## What is required
Please reproduce the listing below exactly, leaving out every picture.

## Source data
----------------------------------------

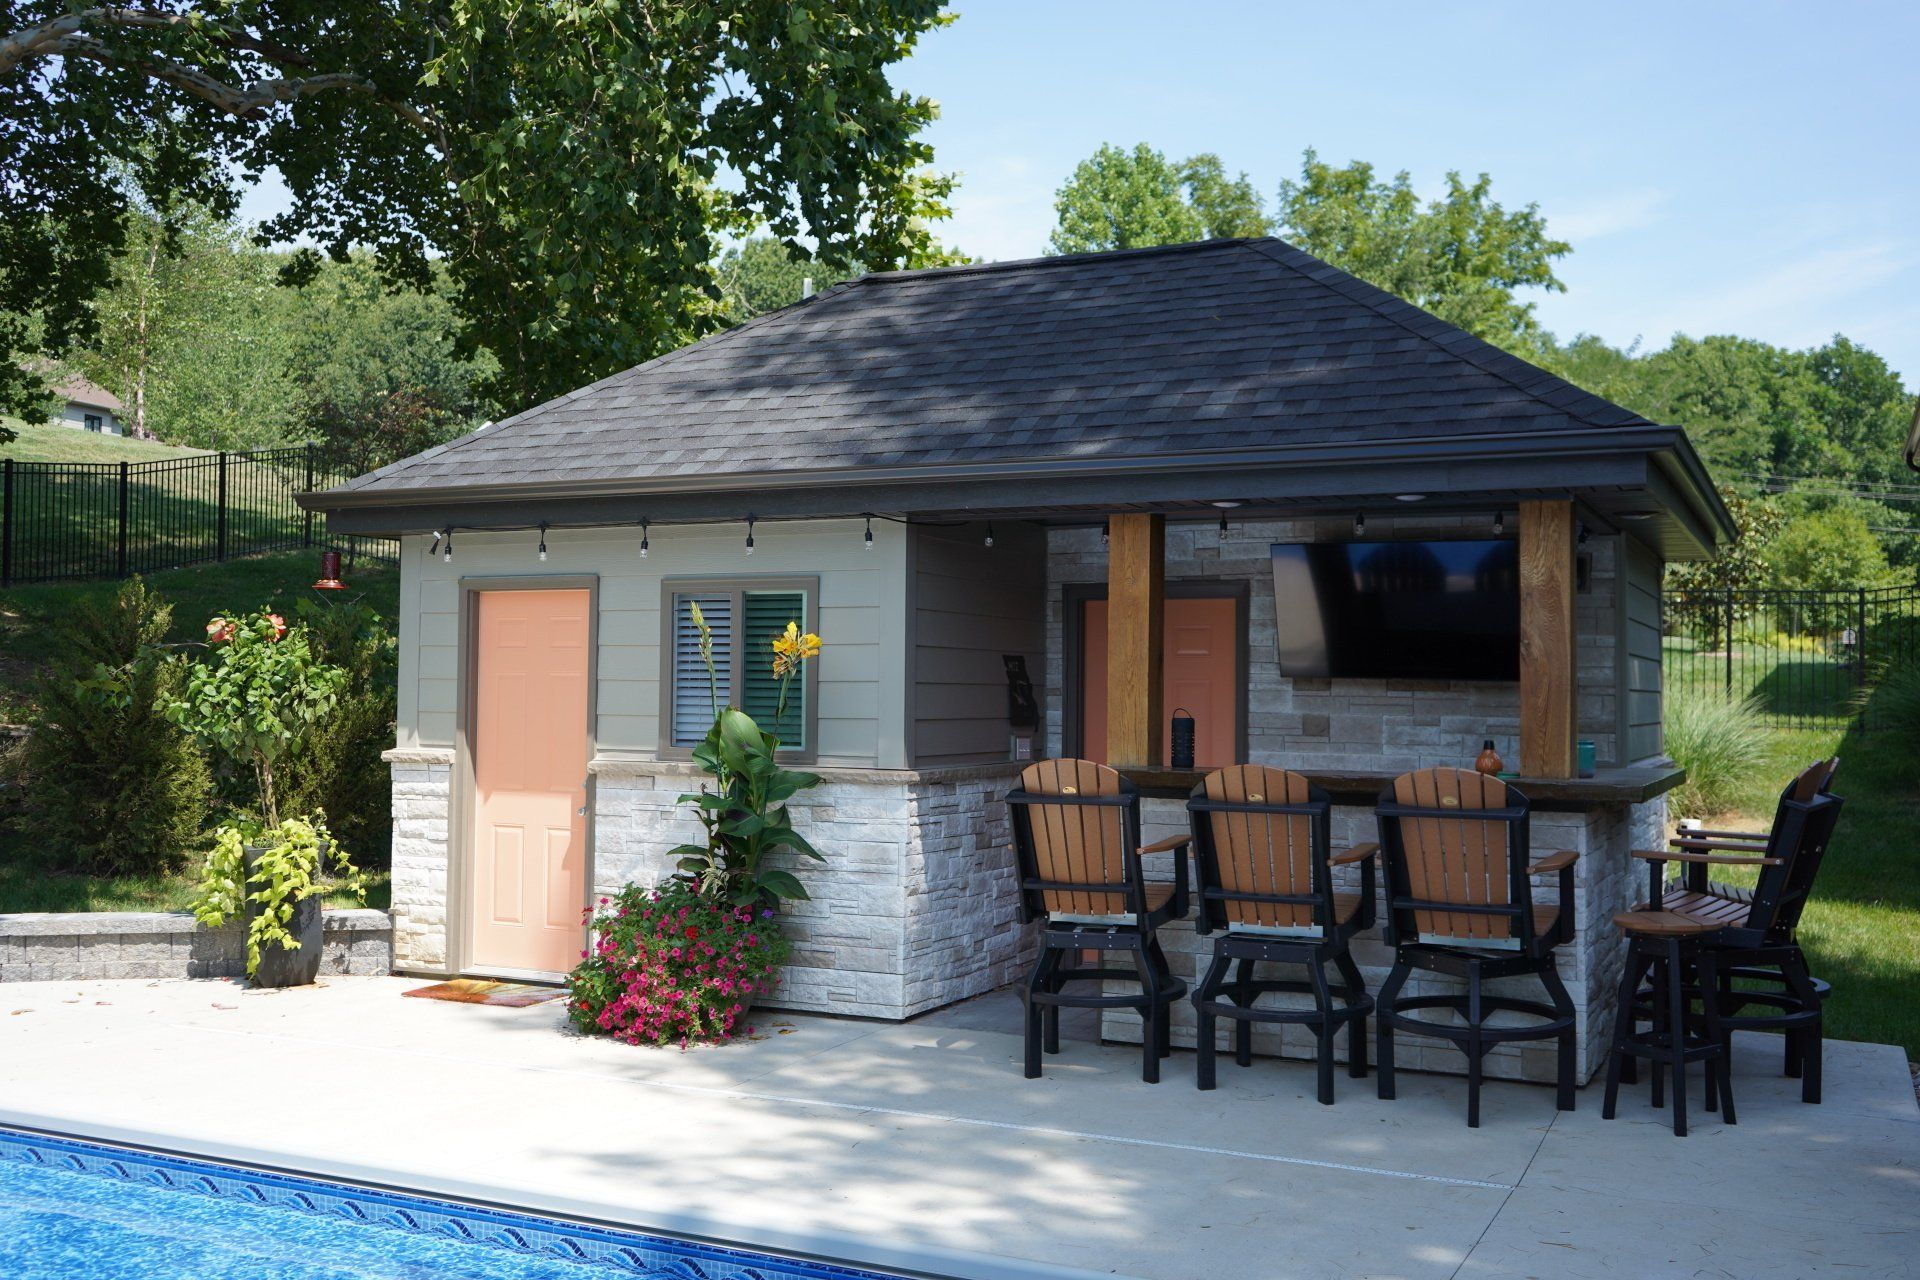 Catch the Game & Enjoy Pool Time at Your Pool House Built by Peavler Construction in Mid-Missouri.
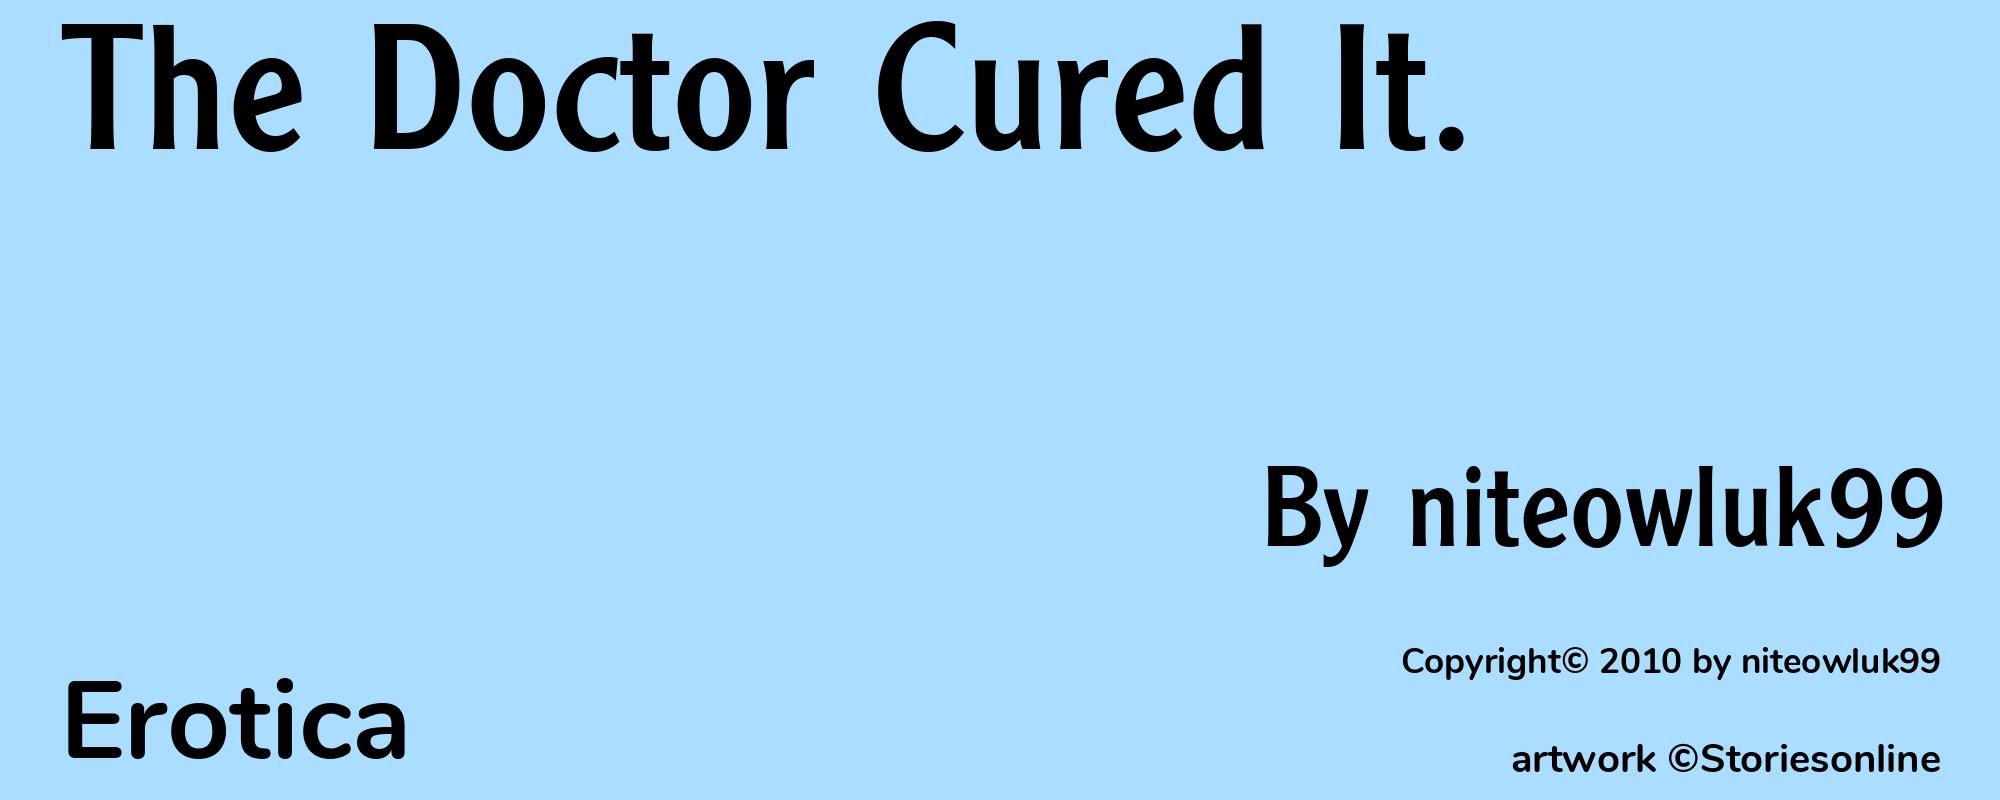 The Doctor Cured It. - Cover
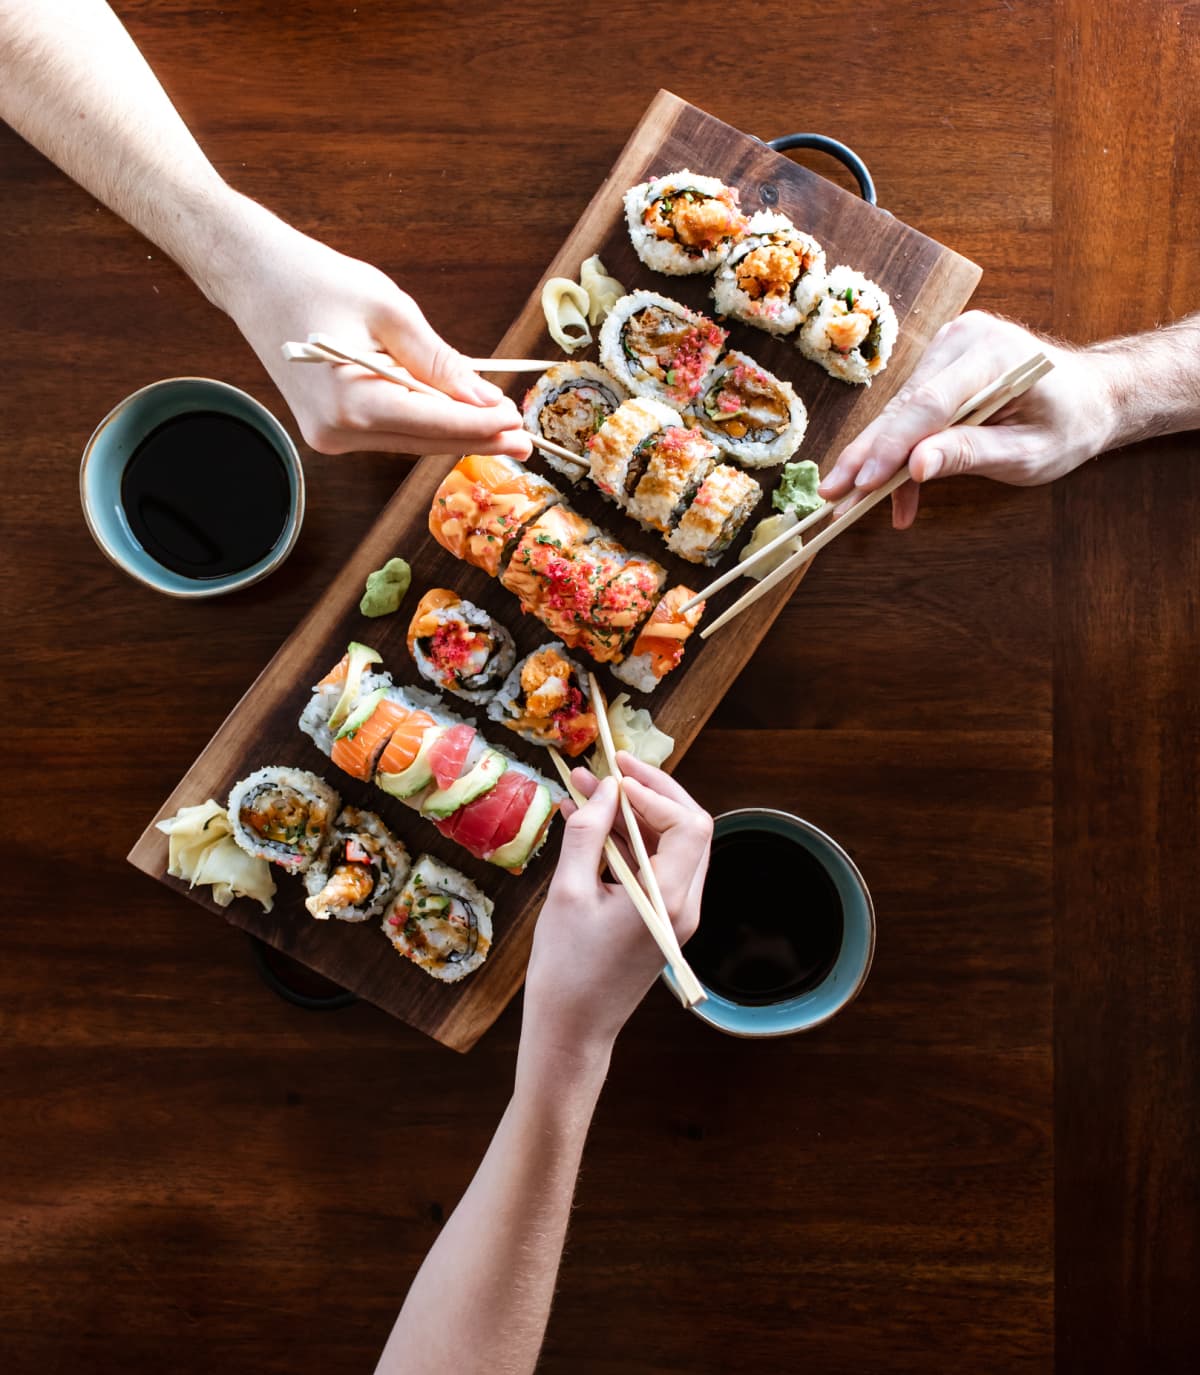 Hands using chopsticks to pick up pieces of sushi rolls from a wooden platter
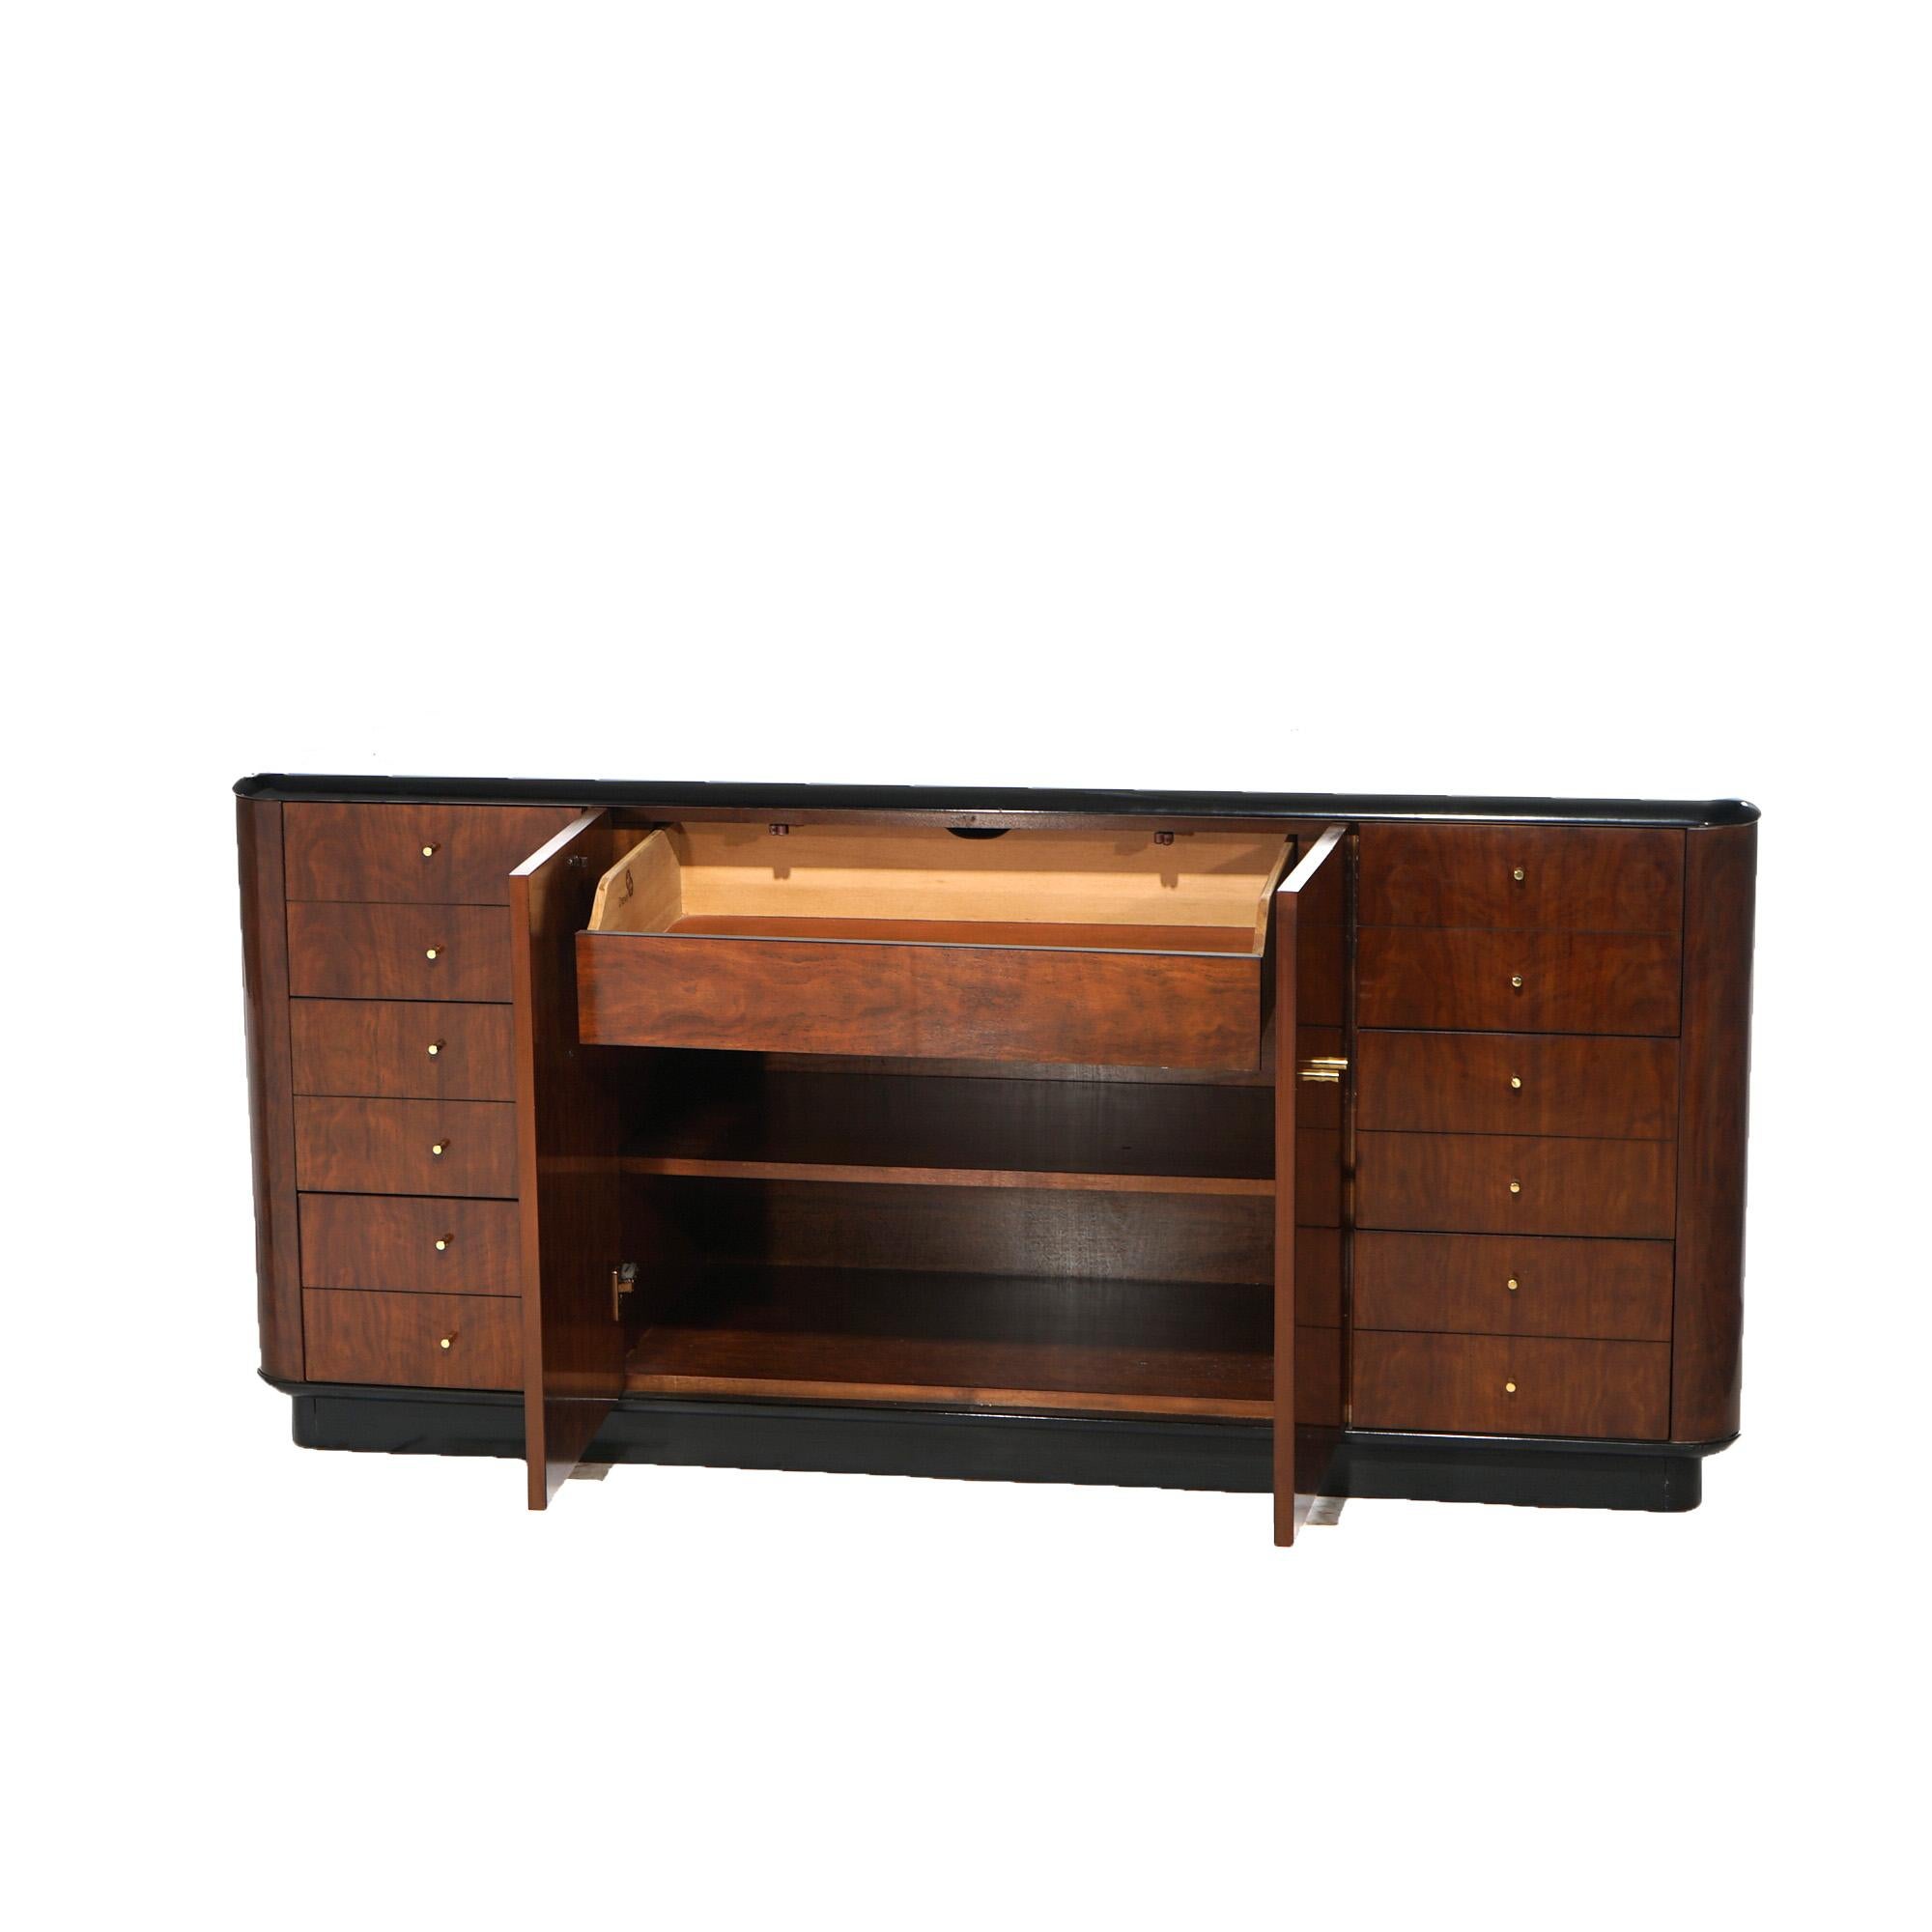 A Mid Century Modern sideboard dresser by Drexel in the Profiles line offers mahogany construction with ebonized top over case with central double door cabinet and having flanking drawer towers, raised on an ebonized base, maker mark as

----------------------------------------

## Exercise answer
 Catch the Game & Enjoy Pool Time at Your Pool House Built by Peavler Construction in Mid-Missouri.
 The Doctor Cured It. - Cover
 Hands using chopsticks to pick up pieces of sushi rolls from a wooden platter
 A Mid Century Modern sideboard dresser by Drexel in the Profiles line offers mahogany construction with ebonized top over case with central double door cabinet and having flanking drawer towers, raised on an ebonized base, maker mark as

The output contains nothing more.